In lab 3 you built a tic-tac-toe game by implementing a series of functions that performed various tasks, which you then combined in various ways to implement the game logic. What you wrote was a *structured program*, which consist of sequences of instructions, utilizing control flow (if/then/else), repetition (while and for), block structures, and function calls. 

*Functional Programming* is another style of programming that is not well suited to writing games, but is well suited to manipulating data. A functional program performs computation by evaluating mathematical functions, where the output only depend on the input. Data passes through as inputs/outputs of functions, but is otherwise never changed. This paradigm is often used in data science because manipulation of data can othen be viewed as composition of functions:

$$
D_{result} = f_n(f_{n-1}(...(f_0(D_{input}))))
$$

Consider the `find_min` example:

In [15]:
def a_function(x):
    return (1+x)**2

def find_min_0(f,x_min,x_max,steps=10):
    step_size=(x_max-x_min)/steps
    x=x_min
    y_min=f(x_min)
    x_min_val=x_min

    for i in range(steps):
        y=f(x)
        if y<y_min:
            x_min_val=x
            y_min=y
        x+=step_size
    
    return x_min_val

In [22]:
find_min_0(a_function,-10,10,100)

-1.000000000000002

Lets write the same thing in a more functional way by realizing that we can perform the same task as a set of composition of functions:

In [14]:
def linspace(x_min,x_max,steps=10):
    x=x_min
    step_size=(x_max-x_min)/steps
    out=list()
    while x<x_max:
        out.append(x)
        x+=step_size
    return out

def arg_min(lst):
    min_val=lst[0]
    min_index=0
    for i,val in enumerate(lst):
        if val<min_val:
            min_val=val
            min_index=i
            
    return min_index

def linspace(f,x_min,x_max,steps=10):
    x_vals=a_range(x_min,x_max,steps)
    y_vals=list(map(f,x_vals))
    index=arg_min(y_vals)
    return x_vals[index]



In [45]:
find_min(a_function,-10,10,100)

-1.000000000000002

Note that `find_min` can be as a single evaluation:

In [20]:
def find_min(f,x_min,x_max,steps=10):
    return a_range(x_min,x_max,steps)[arg_min(list(map(f,a_range(x_min,x_max,steps))))]

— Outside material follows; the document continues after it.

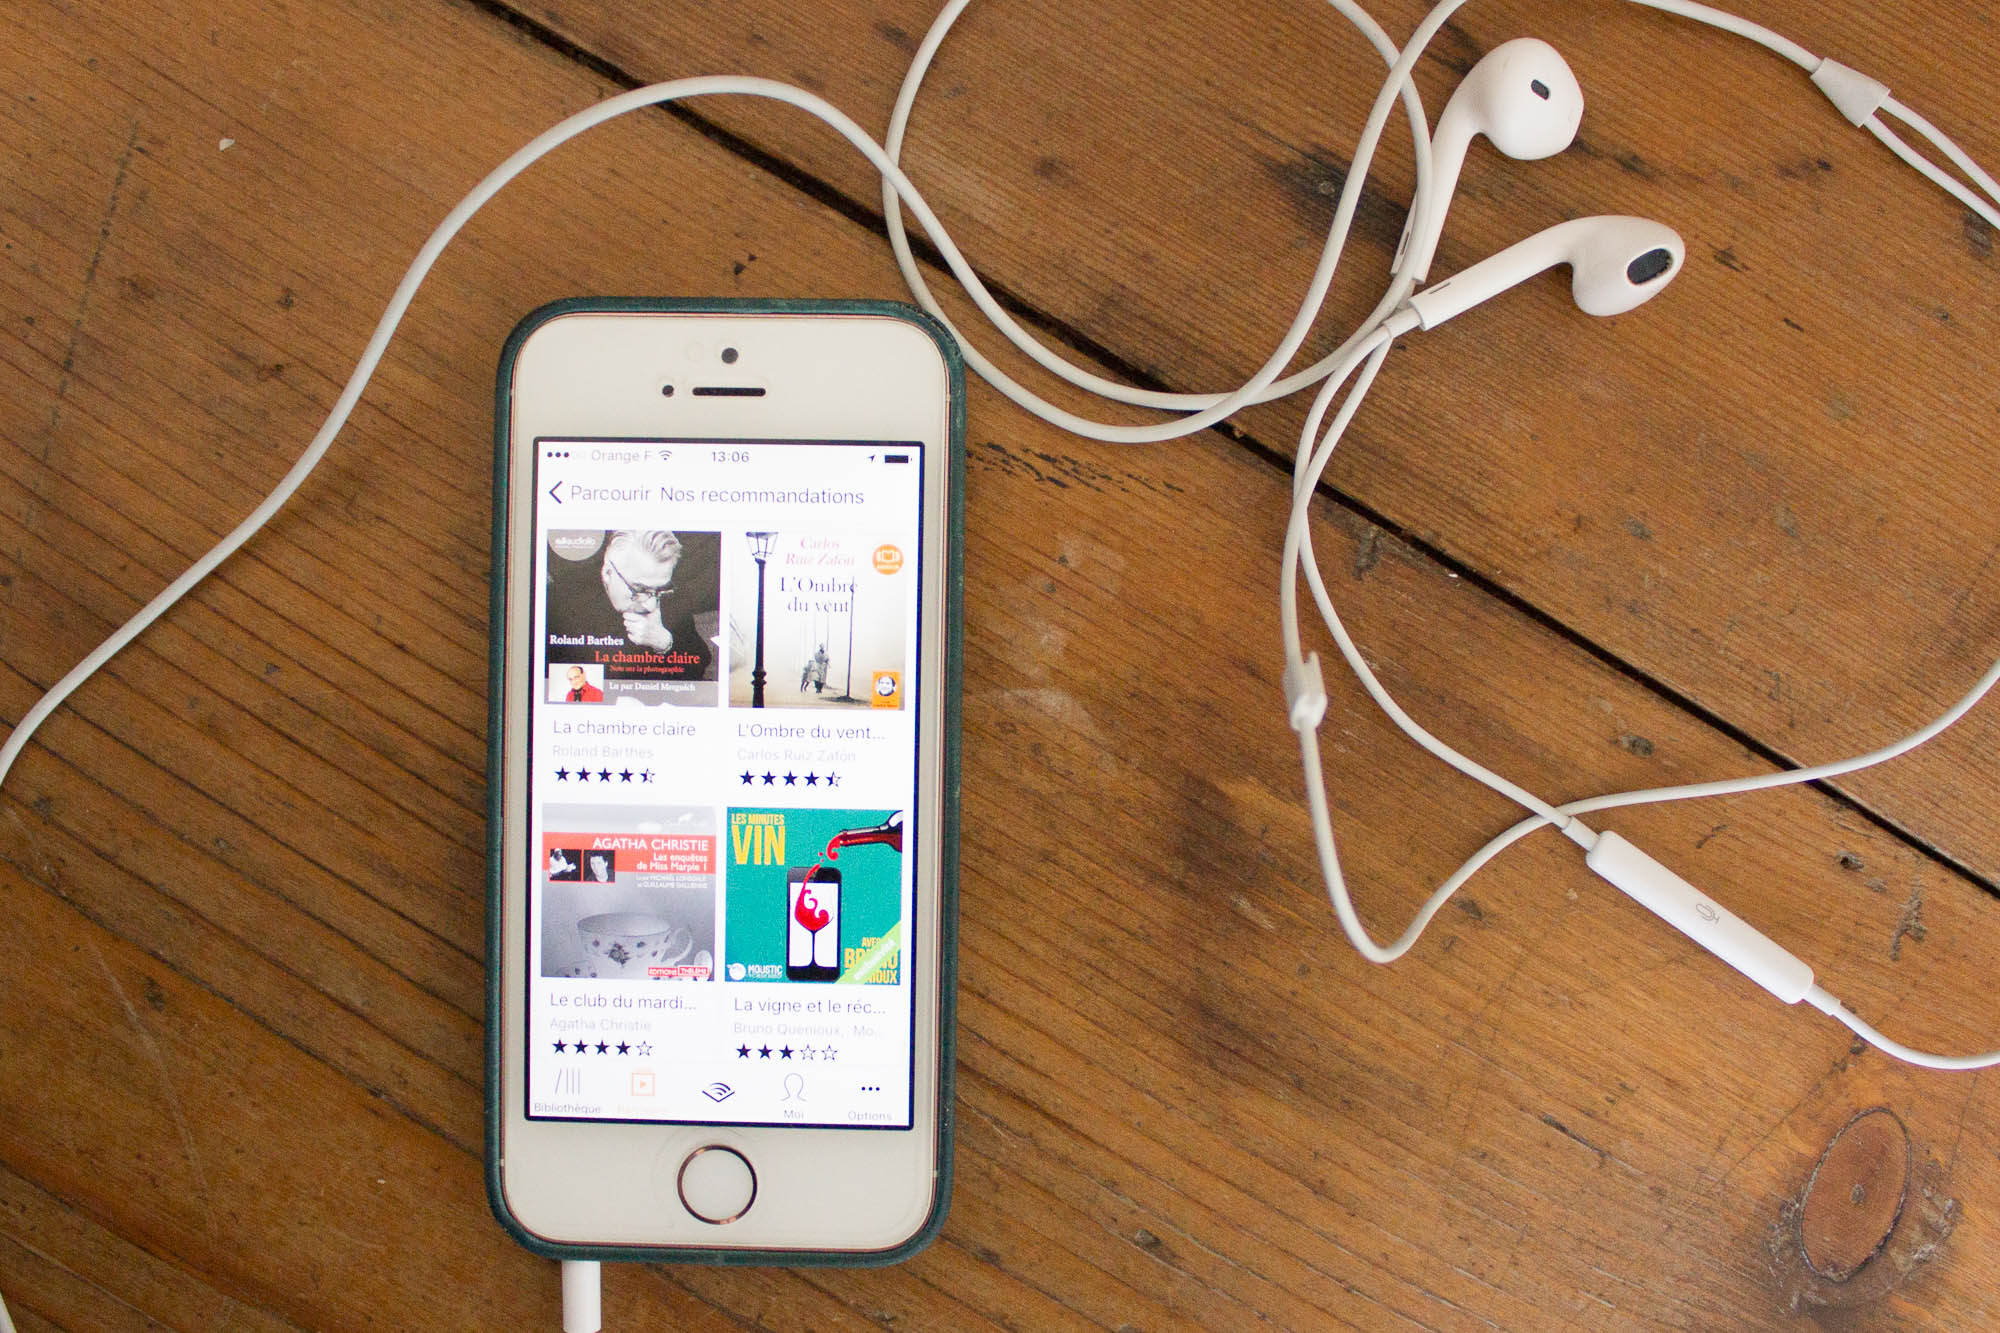 Écouter des livres audio, je suis pour ! (et Bon plan dans l'article)

We could have implemented `a_range` and `arg_min` the same way, but instead of while loops use recursion:

In [35]:
def a_range(x_min,x_max,steps=10):
    if steps>1:
        return [x_min] + a_range(x_min+((x_max-x_min)/steps),x_max,steps-1)
    else:
        return [x_min]
        

We are not going to write functions this way, but the idea is to get familiar with seeing data manipulations as a composition of functions.